A friend – envious and emulous of the detective work so minutely described by Conan Doyle – was driving last summer on an old New England road entirely unfamiliar to him. He suddenly turned to the stage-driver by his side and, pointing to a house alongside the road, said, “The man who lives there is a drunkard.” – “Why, yes,” answered the driver in surprise, “do you know him?” – “No,” said the traveller, “I never saw him and don’t know his name, but he’s a drunkard and his father was before him, and his grandfather.” – “It’s true,” answered the driver, with much astonishment; “how could you tell?” – “Well, there is a large orchard of very old apple trees round that house, while all his neighbors, even when the houses are old, have younger orchards. When the ‘Washingtonian or Temperance Movement’ reached this town, the owner of this place was too confirmed a drunkard to reform and cut down his apple trees as his neighbors did, and he kept on at his hard cider and cider brandy, and his son and grandson grew up to be drunkards after him.” Later inquiry in the town proved the truth of the amateur detective’s guesswork.
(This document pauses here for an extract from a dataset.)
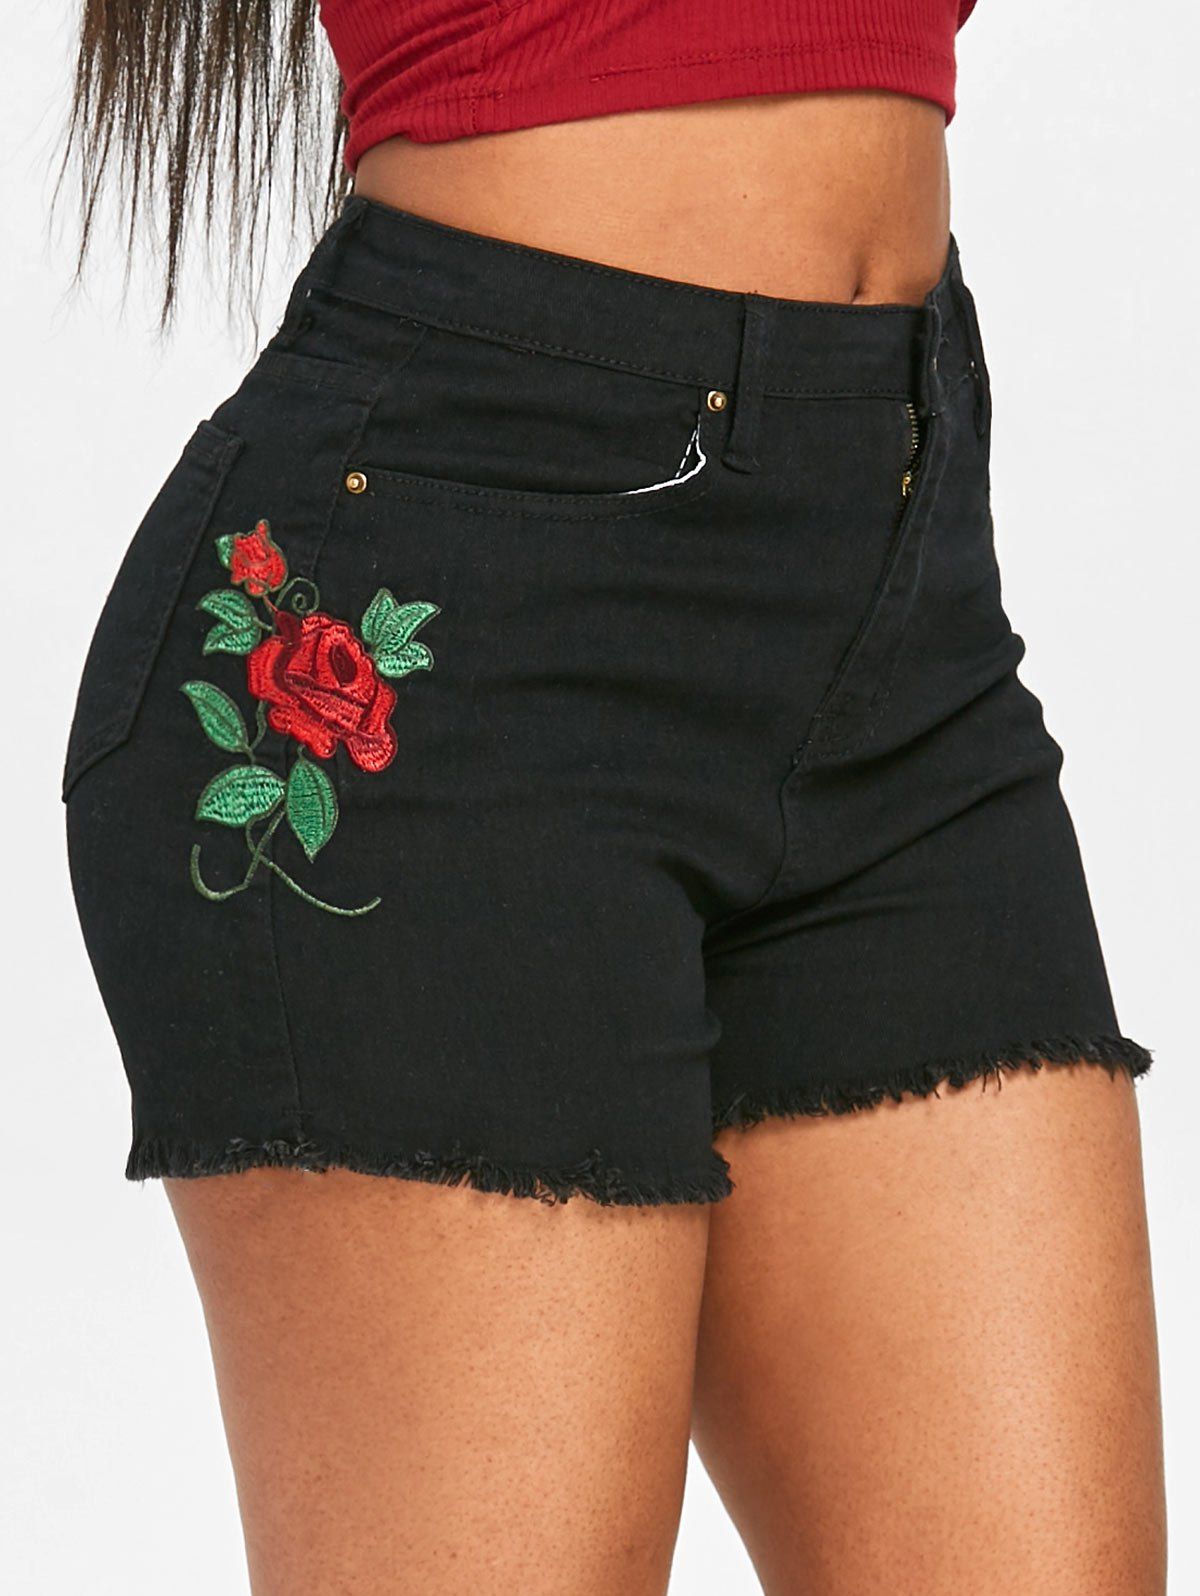 Fancy High Waisted Floral Embroidery Jean Shorts  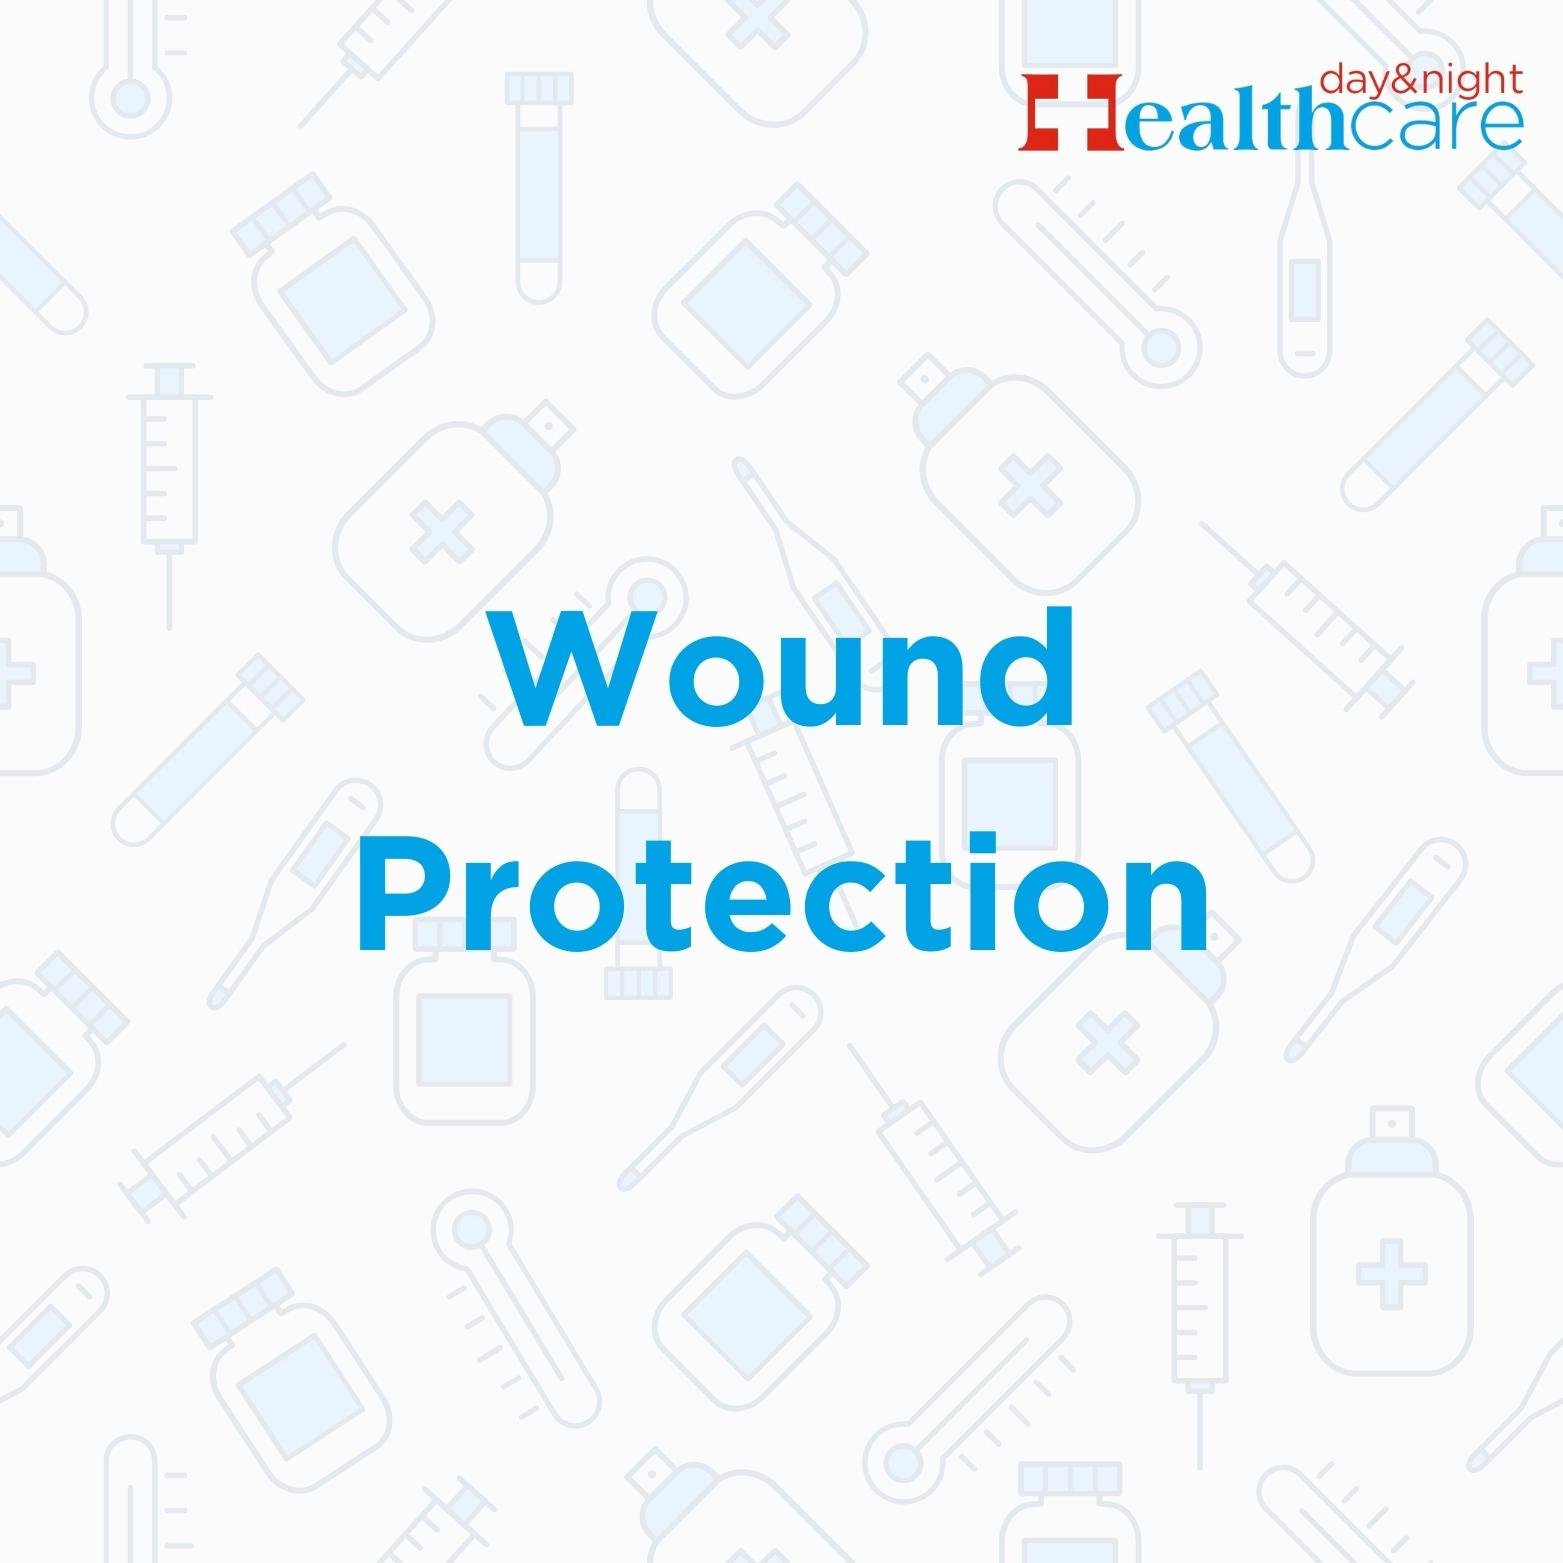 Wound Protection

Cider was tediously made at first by pounding the apples in wooden mortars; the pomace was afterward pressed in baskets. Then rude mills with a spring board and heavy maul crushed the apples in a hollowed log. Then presses for cider-making began to be set up about the year 1650.

Apples were at that time six to eight shillings a bushel; cider 1s. 8d. a gallon – as high-priced as New England rum a century later.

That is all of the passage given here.